### Exercise directions
Print only the lines from the one with "MI SHIN SIN. Still life with fleshy pears." through the end of the data, exactly, and please omit pictures.

Data below Block Start

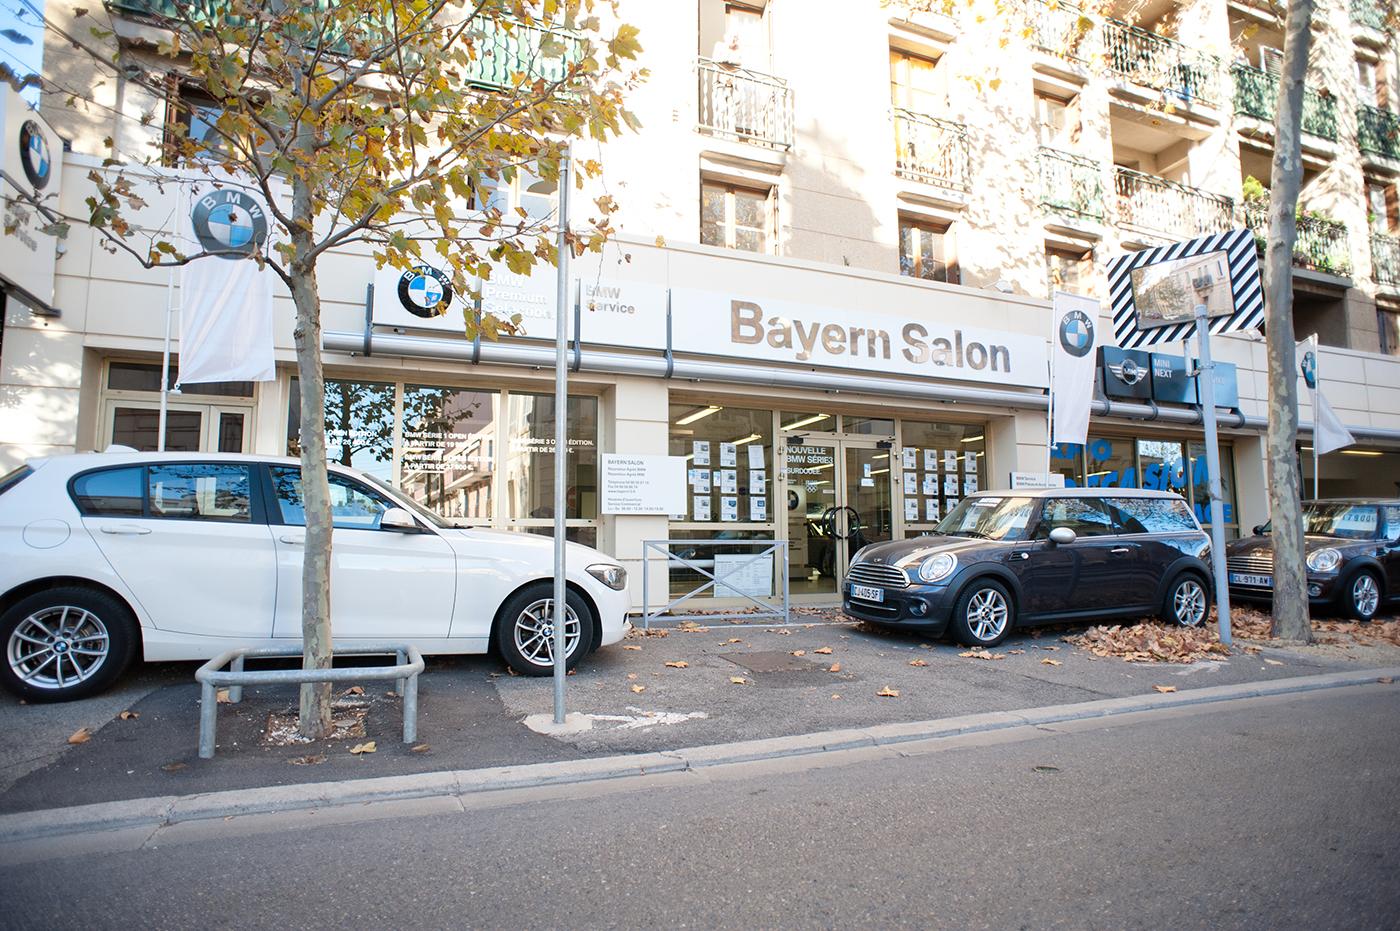 Mini occasion salon de provence bmw salon de provence autosphere - Msa salon de provence horaire ...
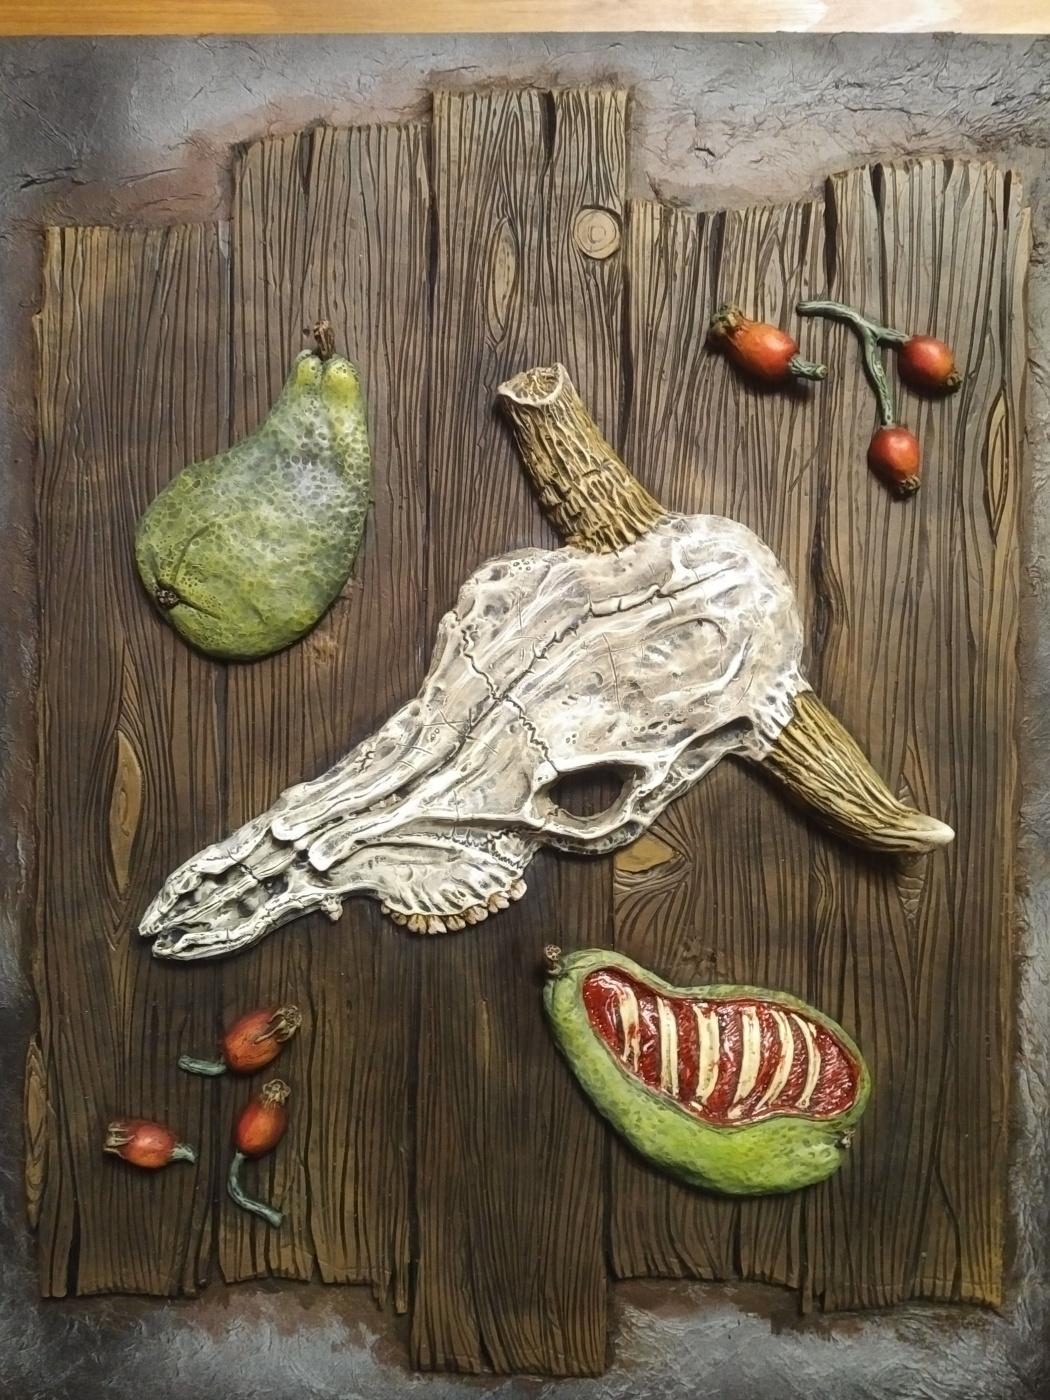 MI SHIN SIN. Still life with fleshy pears.
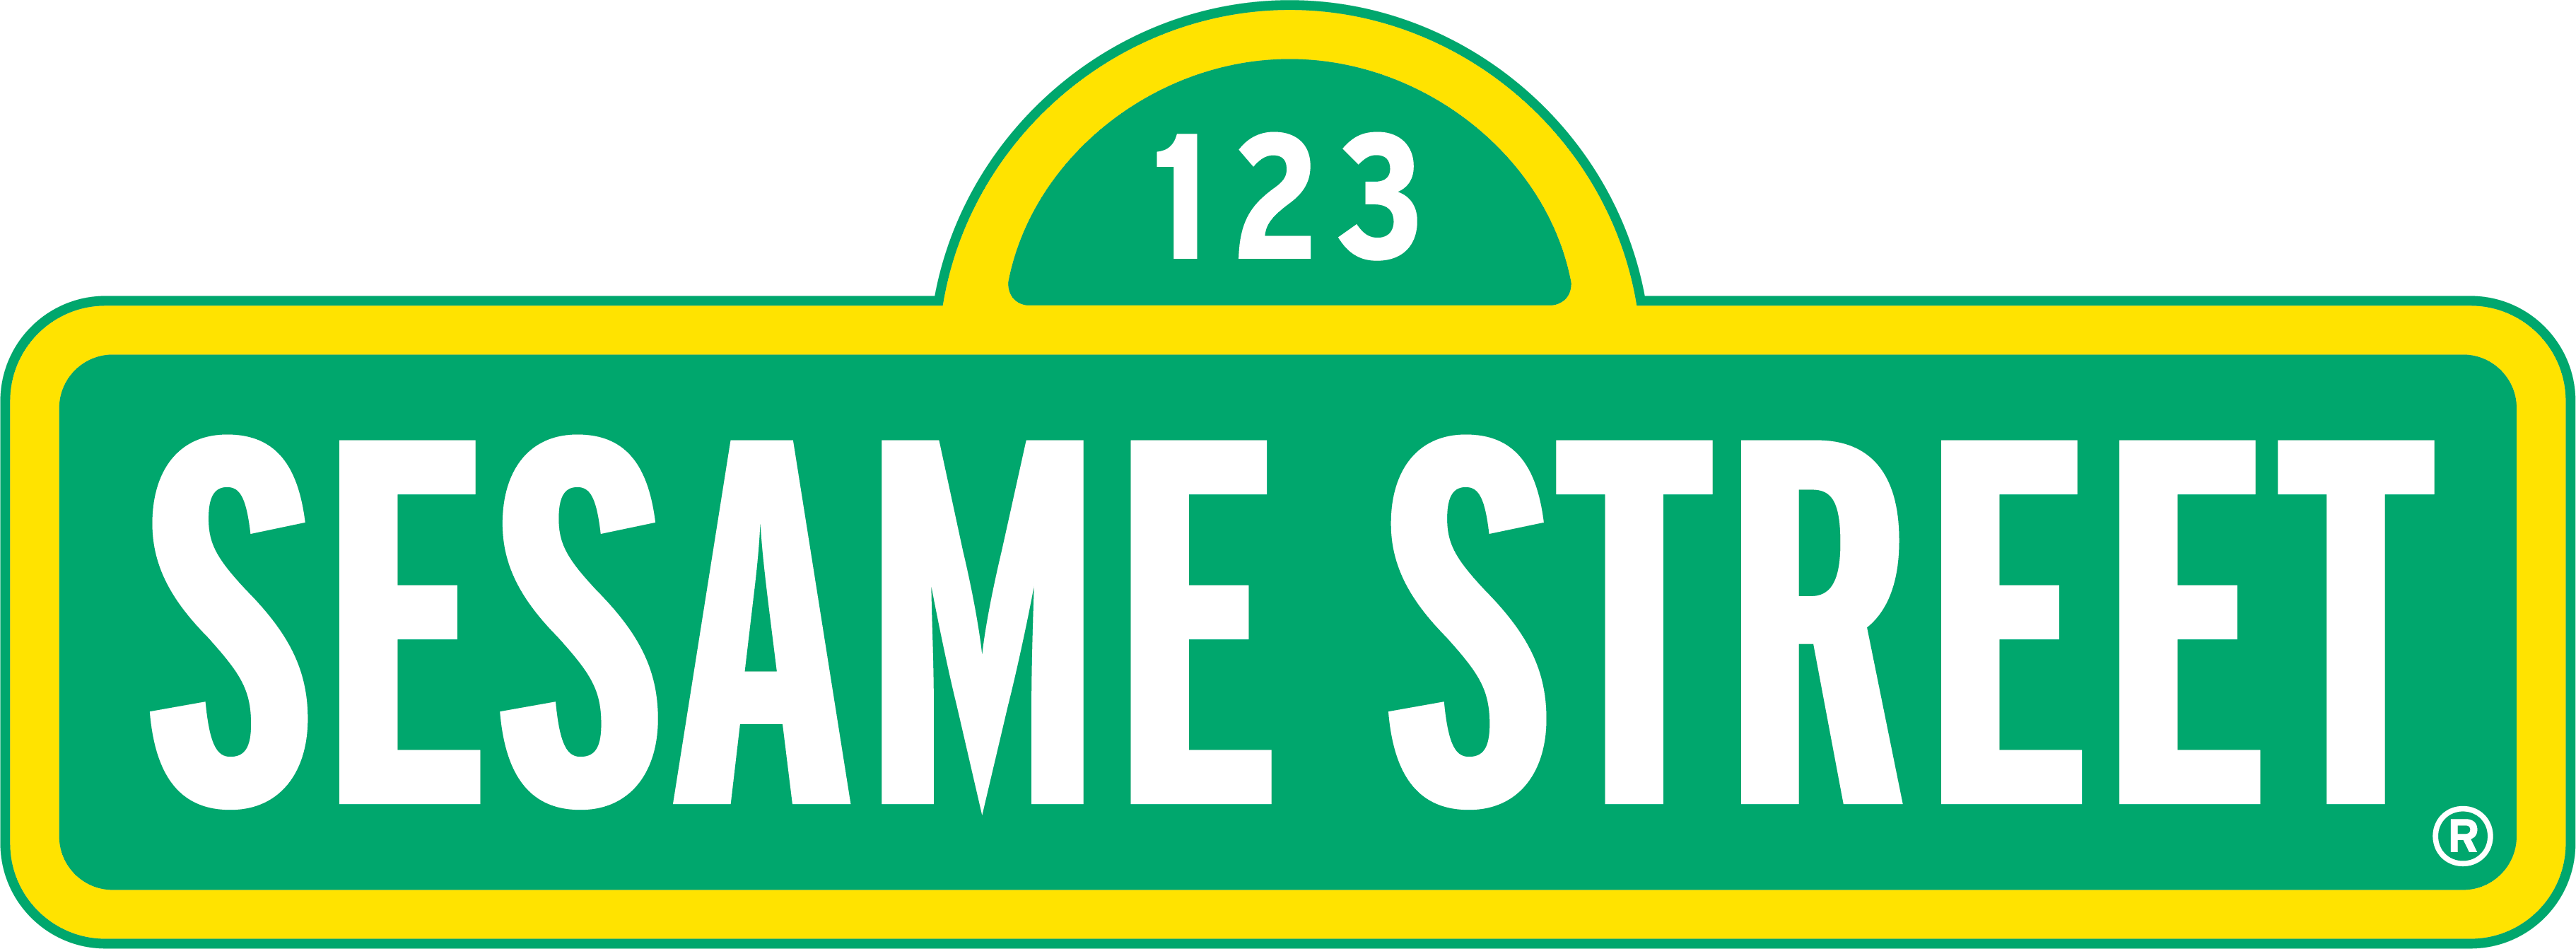 Throwback Thursday: Sesame Street - Pinball Number Count
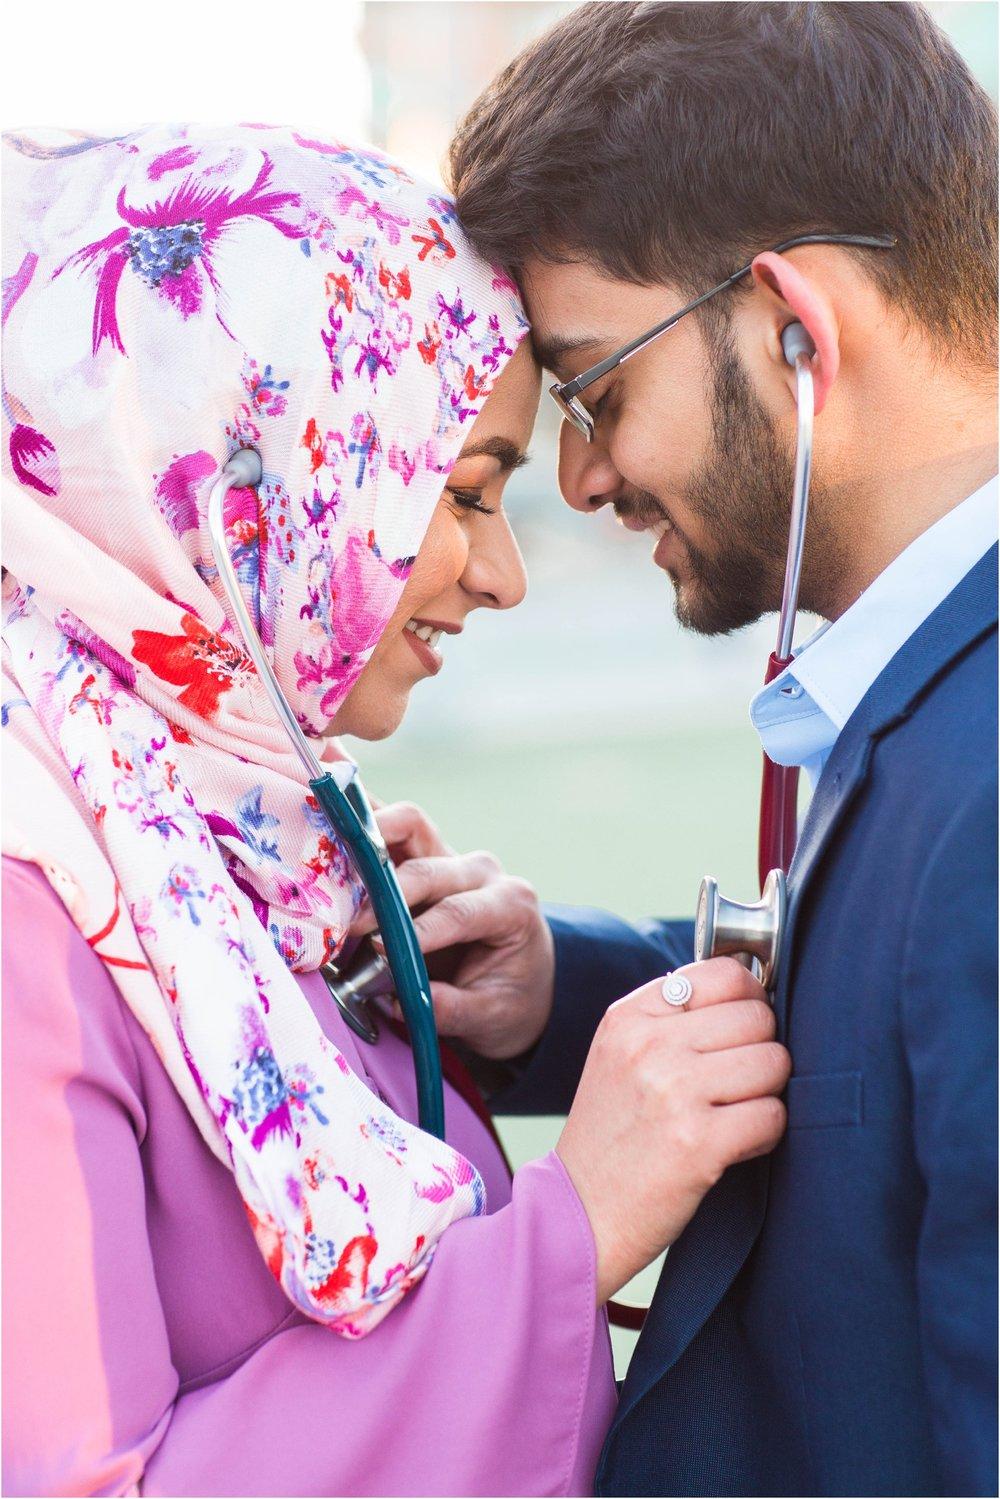 Shops-at-Don-Mills-Engagement-Session-Toronto-Mississauga-Brampton-Scarborough-GTA-Pakistani-Indian-Wedding-Engagement-Photographer-Photography_0030.jpg

Data below Block End

### Exercise solution
 MI SHIN SIN. Still life with fleshy pears.
 Throwback Thursday: Sesame Street - Pinball Number Count
 Shops-at-Don-Mills-Engagement-Session-Toronto-Mississauga-Brampton-Scarborough-GTA-Pakistani-Indian-Wedding-Engagement-Photographer-Photography_0030.jpg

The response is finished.